I say, 'You must not weep for the past, Madam, but cultivate hope for the future.'
She turns a watery smile upon me. 'Excellent advice, Sir, and I wonder that you yourself do not profit thereby.'
'Profit? In what wise—'
Mercy Knowell wipes the back of her finger along my cheek and then shows it me. The finger gleams with wet.
'Nothing,’ I say,’ an affliction of the eyes.'
It has now been three days that I weep and do not know it.
The boat rocks as I lower myself onto her boards. Packed in with the Knowells, with my enemy from the night before and two families, the anxious parents bidding their children sit still, I am cradled in a wooden shell. The mariners heave, bringing us little by little to our shop. How formless, I think is the sea, swelling, folding upon itself, and folds dissolving as soon as seen. I look back at England, a heap of dead Filth gilded by the early sun.

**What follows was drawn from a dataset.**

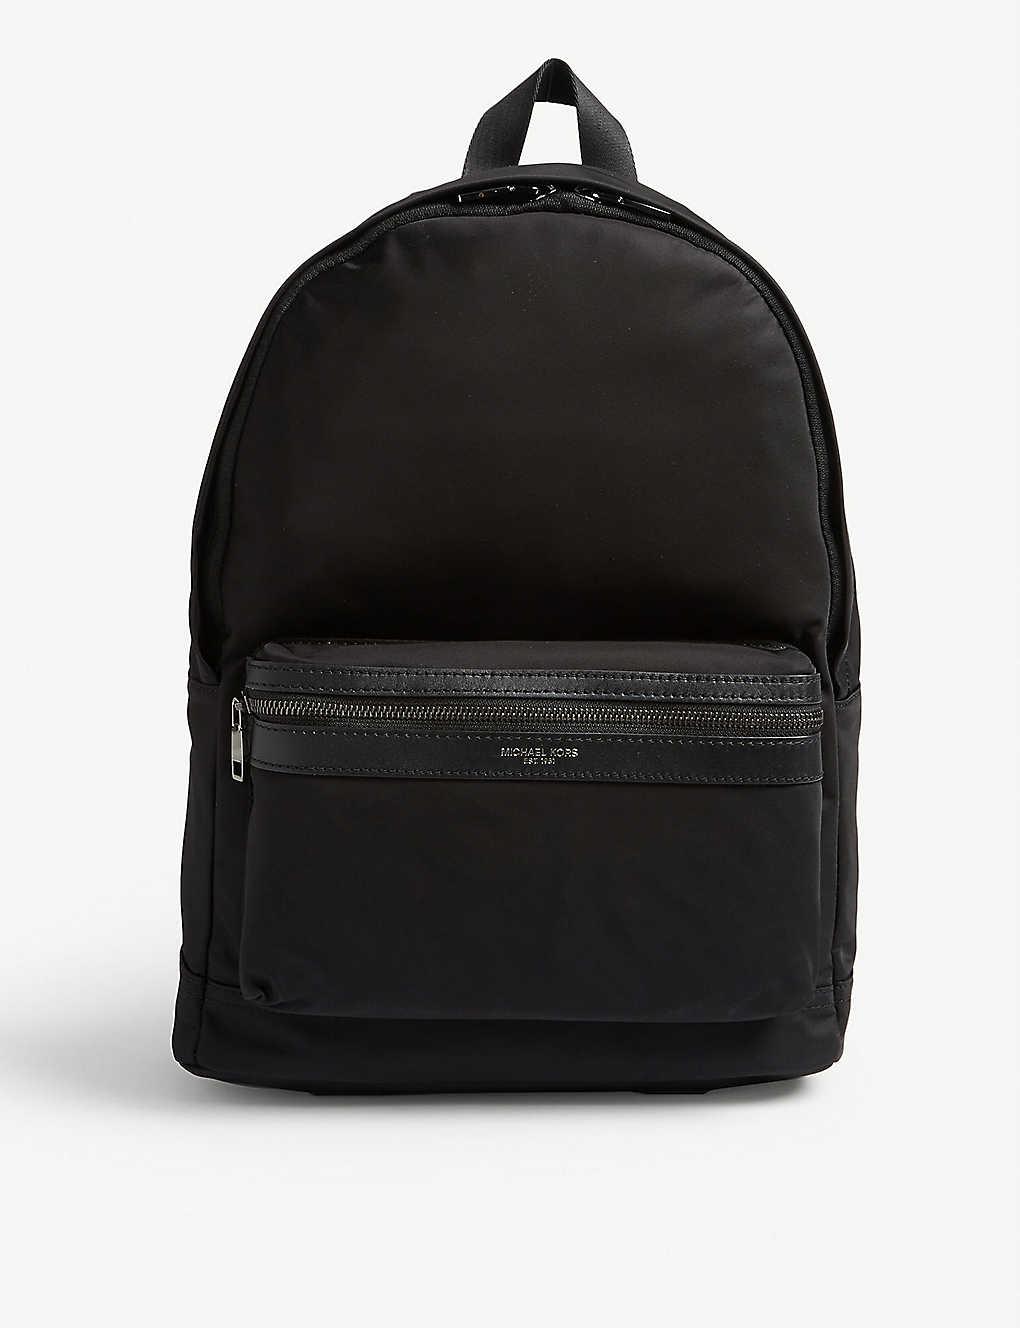 baca3596a3ed80 MICHAEL KORS - Kent nylon backpack | Selfridges.com

To my left there is a family where the youngest brother, fearful of the water, whimpers and snuffles like any girl. Someone says, 'Courage,' and I see Ferris take his wife by the hand and walk the length of Cheapside with her while the neighbours talk of shame.
Think not on him.
I see him in the army, defending Nathan against the Bad Angel he already loves more, and in London, composing the type for his uncle's press, his face bright with visions of a better time.
He betrayed you. Think not on him.
He sits alone, writing the letter which I scattered on the sea, and hoping I will not turn from him in disgust. He stands defenceless, in dispute with the green horseman, and I say nothing, but later kiss his neck where the man has spat on it. He raises his fists beneath the blows, while I look on.